• Your assignment:
Locate, in the data below, the line that contains "Benetton, Sandals With" and the line that contains "Vereinigte Staaten von"; reproduce exactly those two lines and every line between them, nothing more.

• Supplied material:
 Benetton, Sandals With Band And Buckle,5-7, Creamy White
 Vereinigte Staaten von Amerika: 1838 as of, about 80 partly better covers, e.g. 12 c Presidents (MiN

* * *

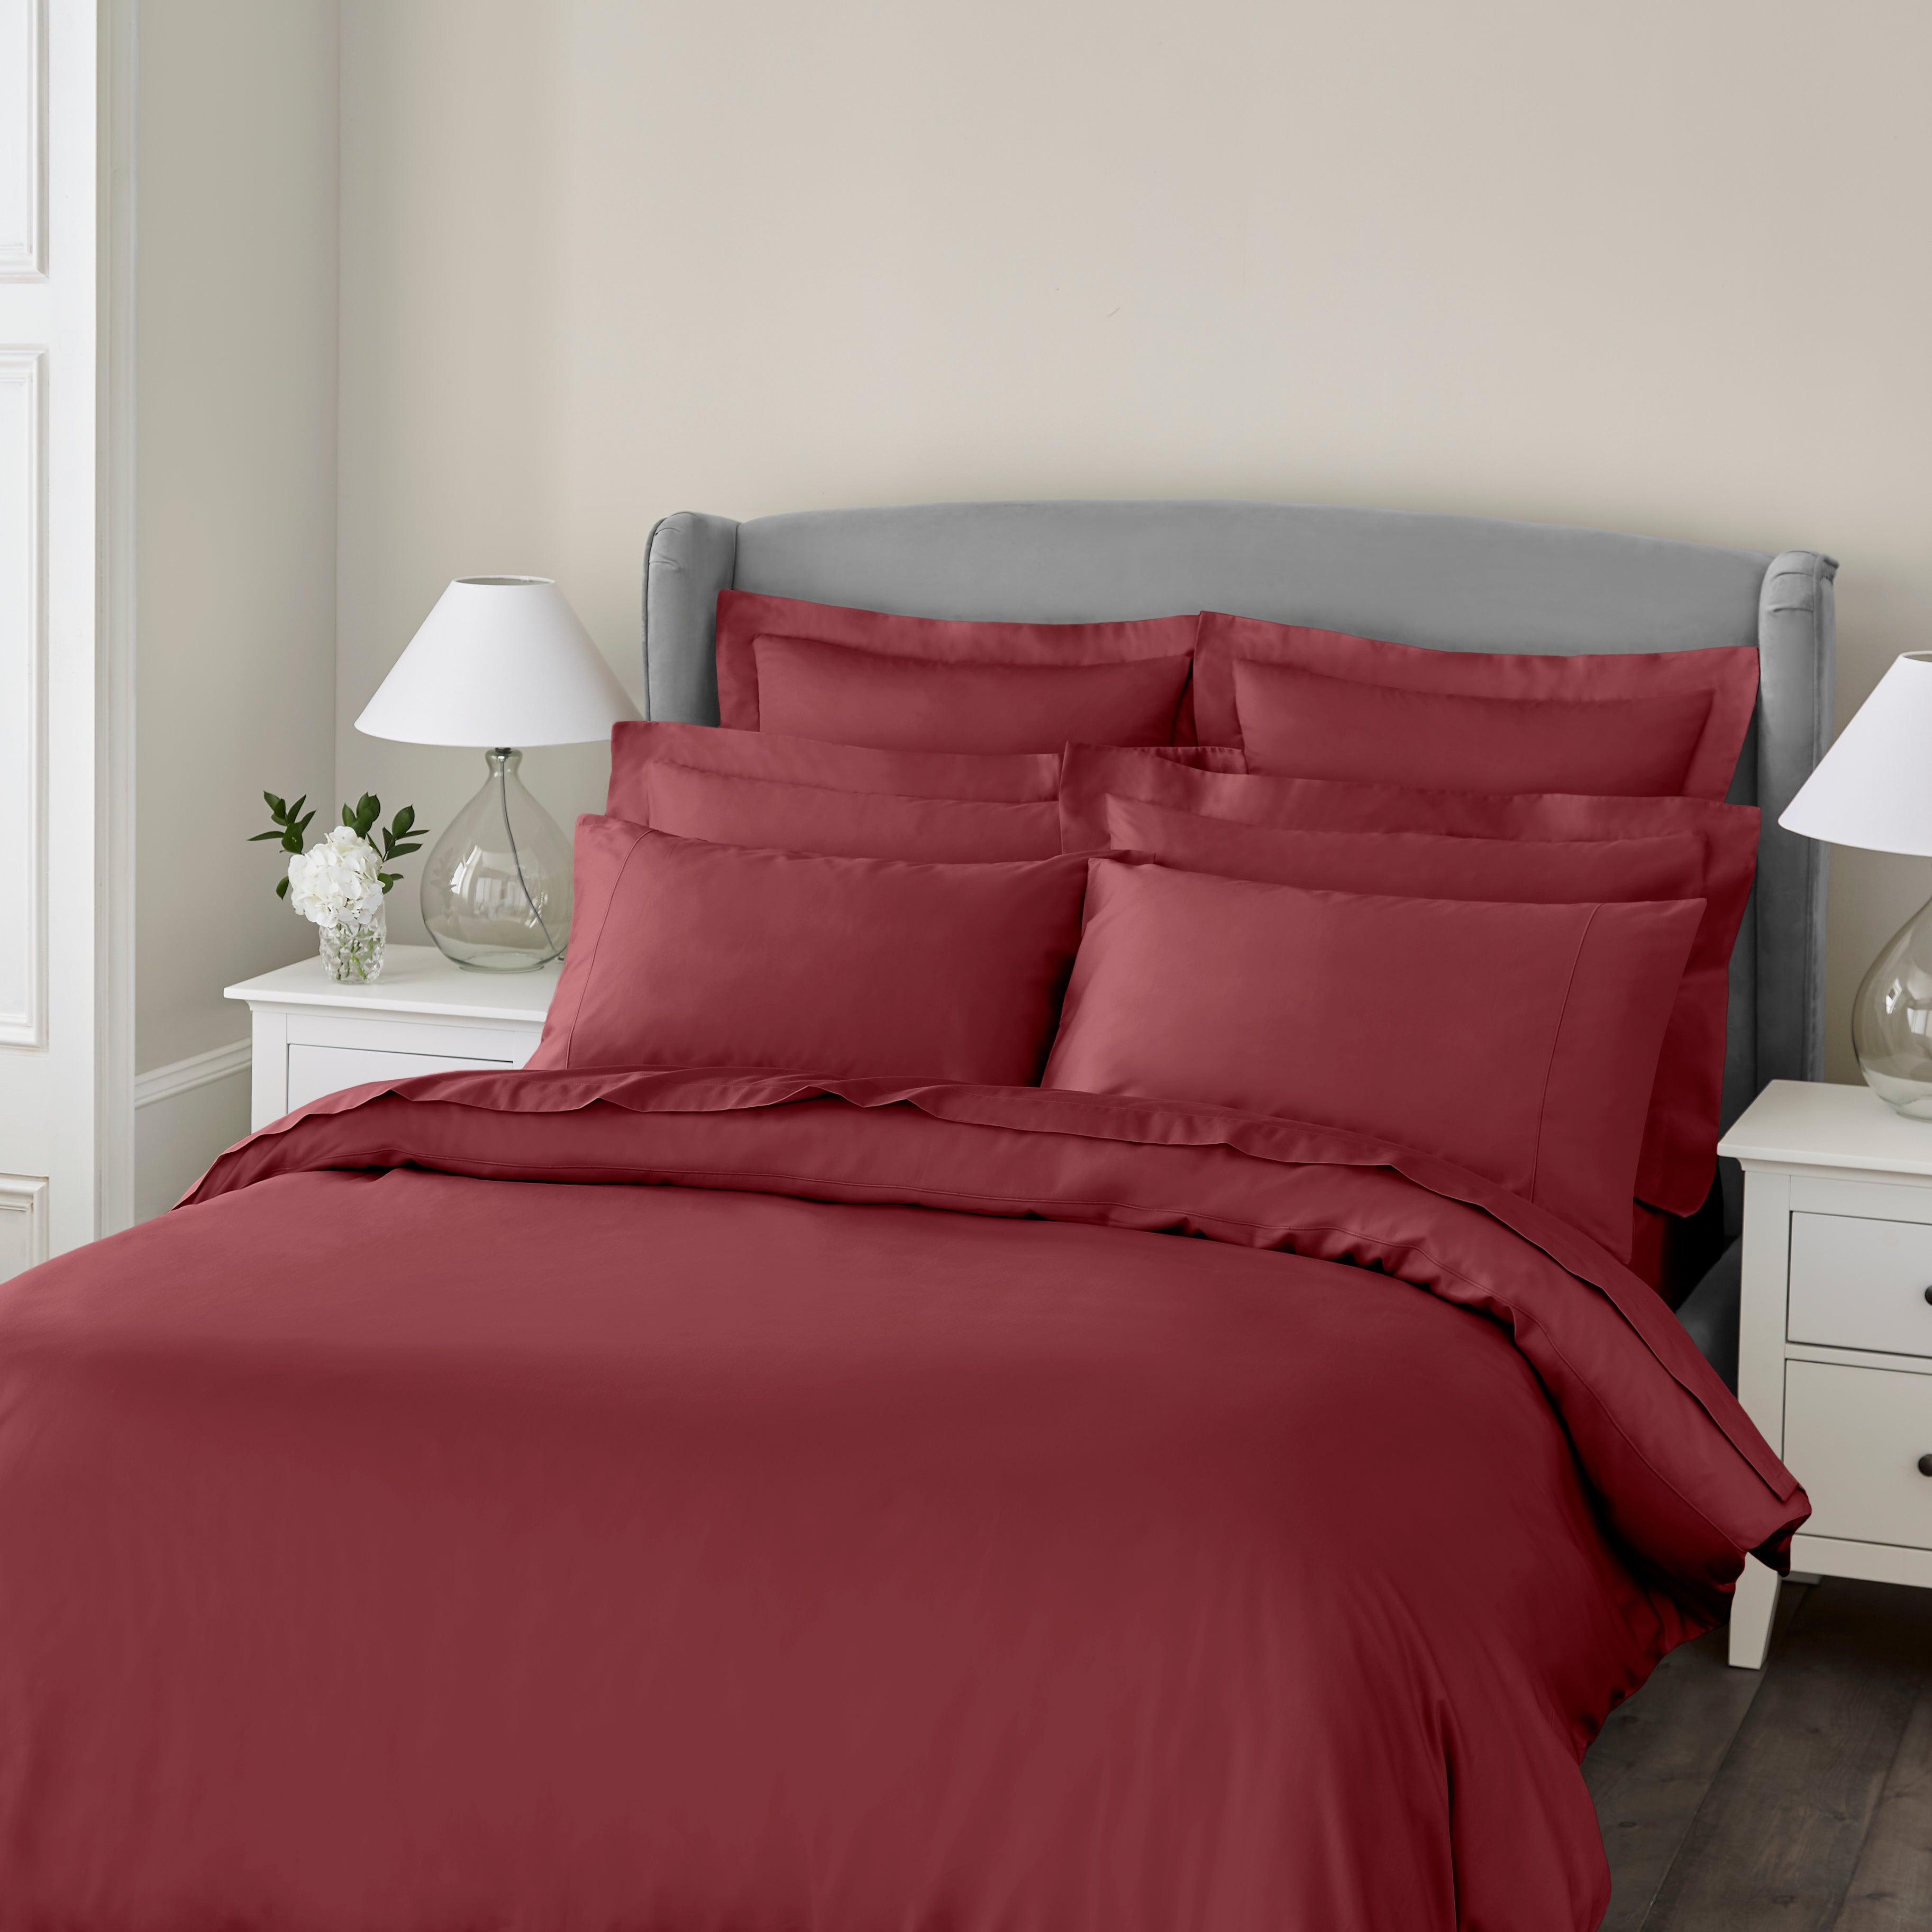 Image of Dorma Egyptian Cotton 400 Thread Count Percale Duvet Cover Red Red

• Exercise answer:
 Benetton, Sandals With Band And Buckle,5-7, Creamy White
 Vereinigte Staaten von Amerika: 1838 as of, about 80 partly better covers, e.g. 12 c Presidents (MiN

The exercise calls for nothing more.